These markers had guided us faithfully for four days
Interesting note: we found ourselves on another walking way for a little bit, this one possibly more of a pilgrimage.
...and walked for two hours to Dingle. Quick, relatively painless, and only 100 meters of elevation gained in one long up and then down. So much more pleasant than a fifteen mile trek including 700 meters up would have been.
One last look at the northwest side of the peninsula
We arrived in Dingle, checked into a hostel, and explored the town a bit more: looked at gift shops, cried bitter tears that the wool shop was closed, and got ice cream. The ice cream place has a lot of good flavors, but my favorite (and the strongest reason I currently have to return to Dingle) is the Dingle Gin flavor. It's not particularly strong or anything, but it's a unique flavor and I could eat at least a gallon of it before getting tired of it. Too bad they don't deliver to the US...
After some music and Guinness and food and more wandering, we turned in for the night and prepared ourselves for the railway ride across Ireland to Dublin which we shall take tomorrow.
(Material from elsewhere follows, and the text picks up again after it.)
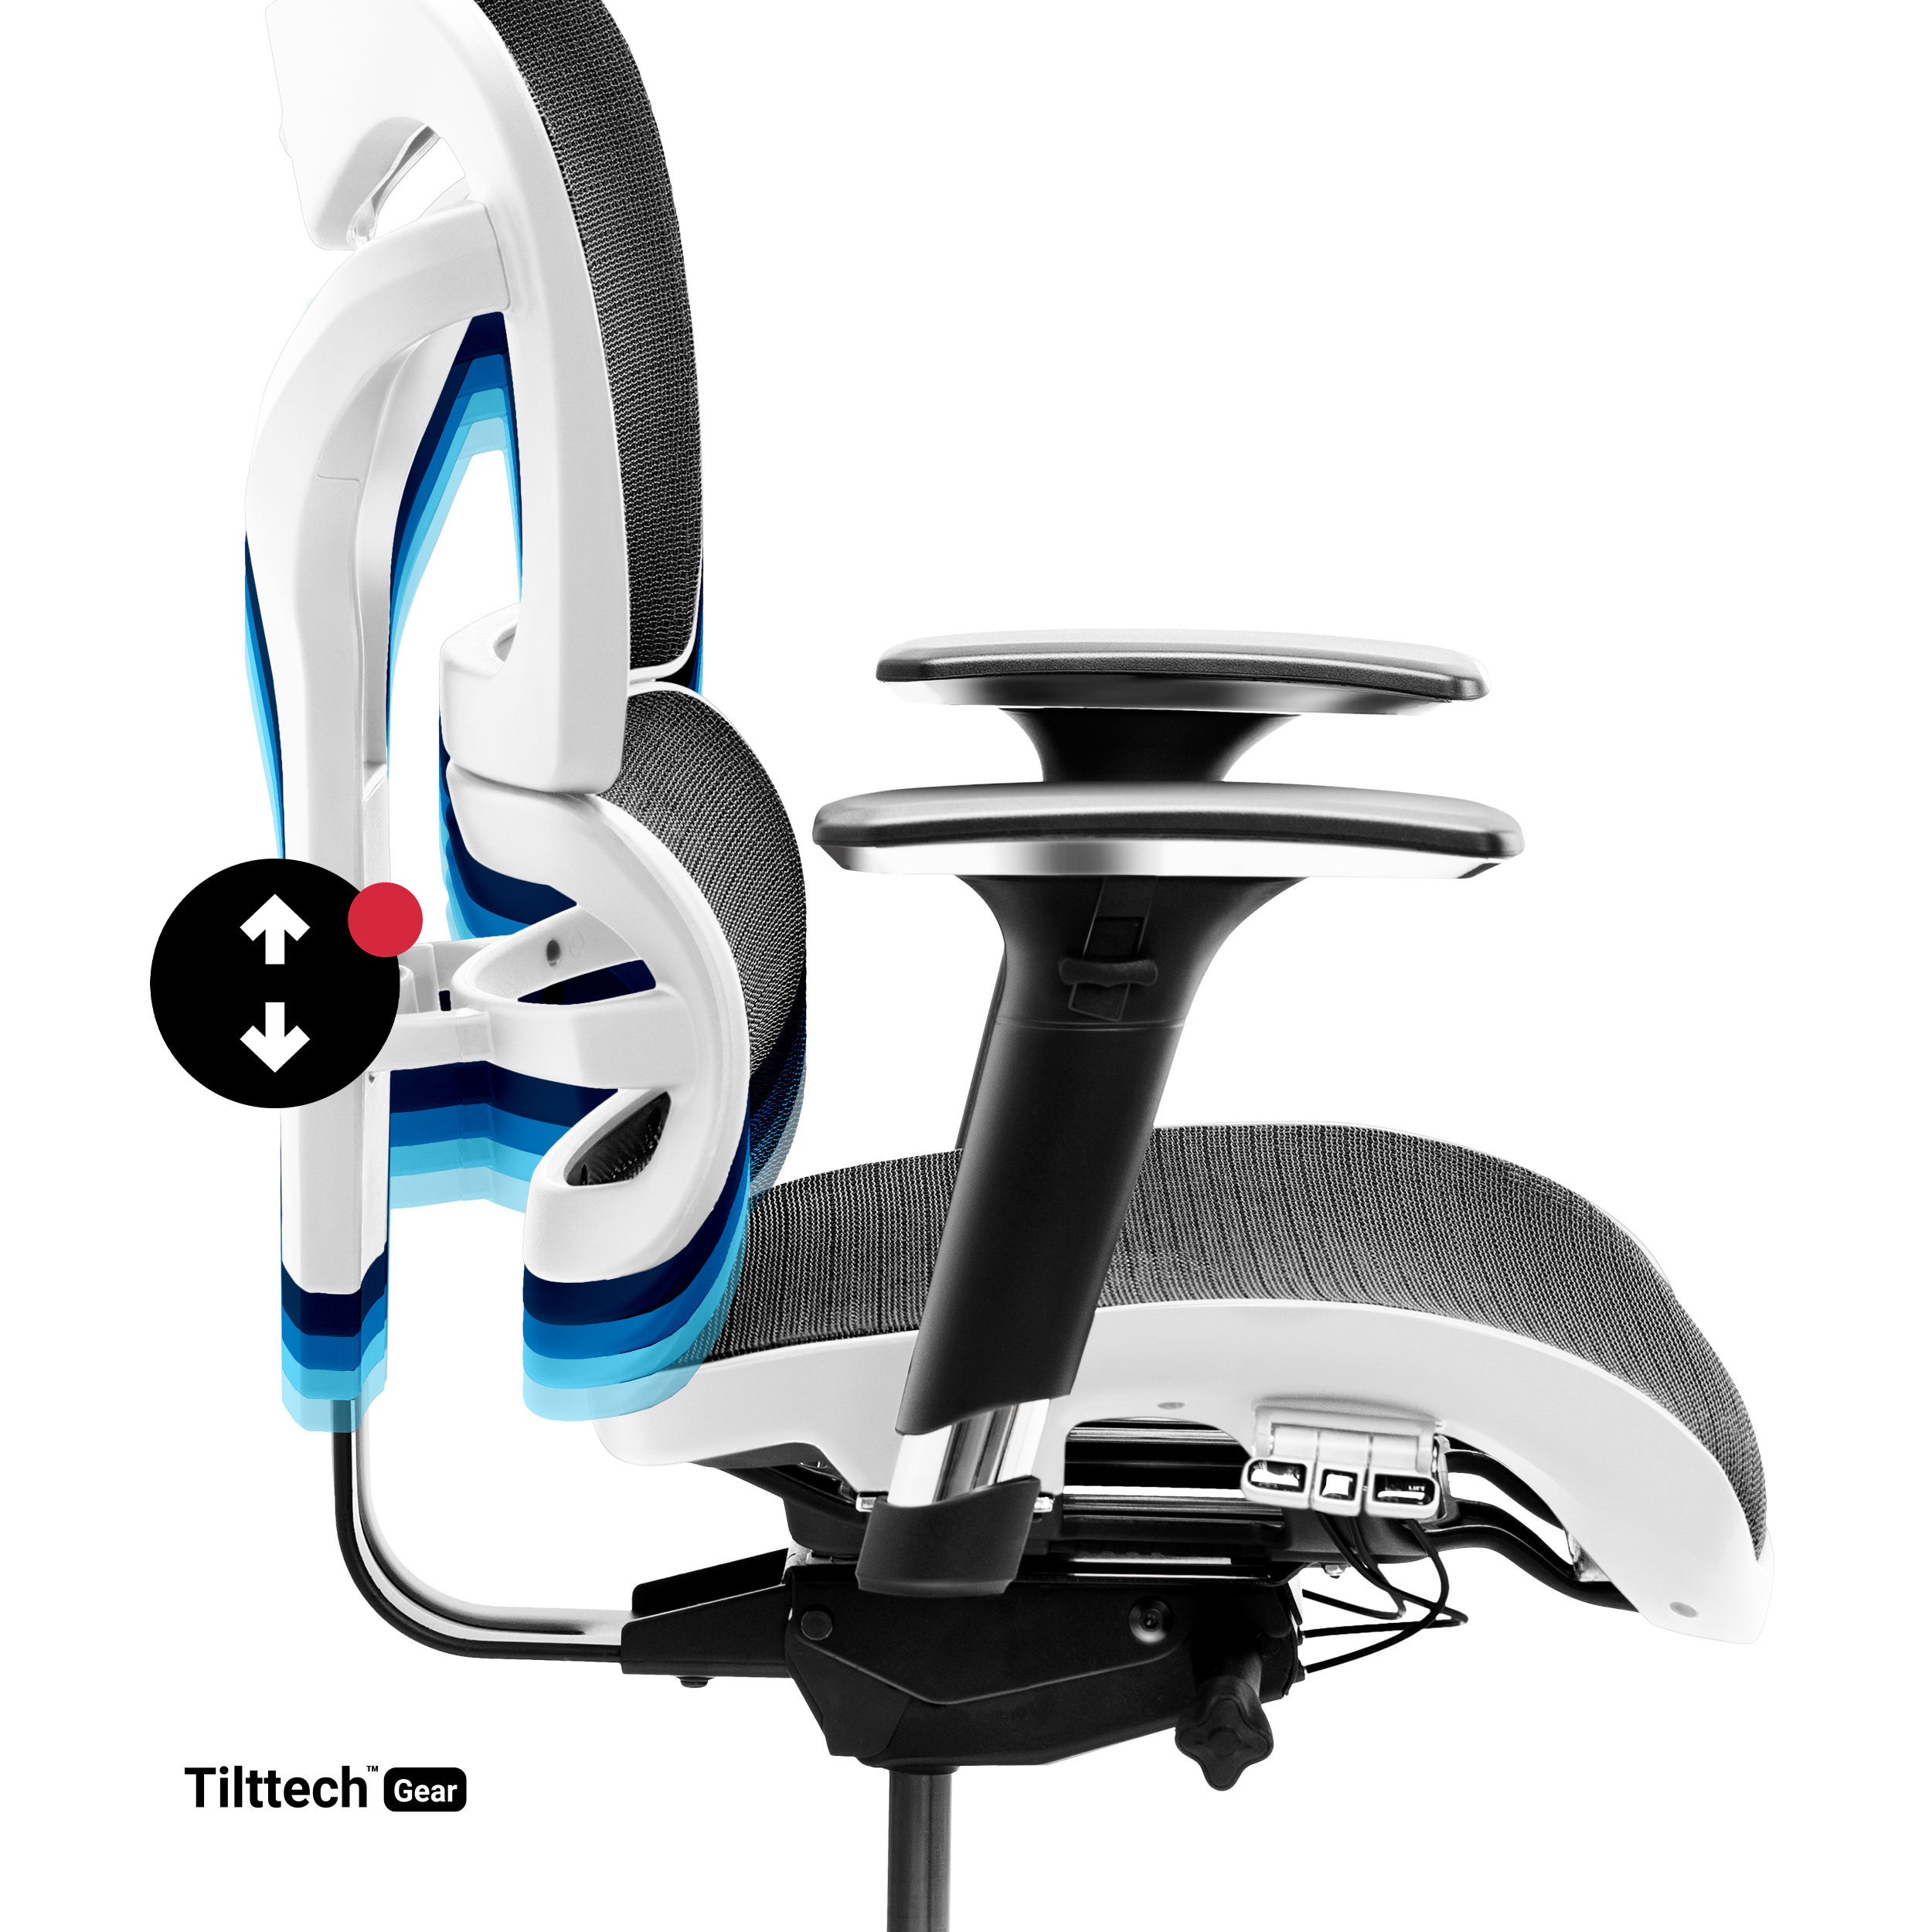 Ergonomischer schwarz-weiß DIABLO Bürostuhl | Stuhl | Schreibtischstuhl V-COMMANDER CHAIRS BÜROSTUHL

*Dingle has actually had quite a lot of confusion about its name. In 2005, all towns in the Gaeltacht (the Irish-speaking parts of Ireland) were legally obligated to remove the English names from their street signs, which for Dingle meant putting up An Daingean signs everywhere. Since this town relies so heavily on tourism, residents were upset about the change and worried that tourists would not be able to find it. About a year later, the suggestion was put forward to instead put up signs labeled Dingle/Daingean Uí Chúis, with the result that there are three different names for the town signposted all over the place--which if you ask me serves only to confuse us even more.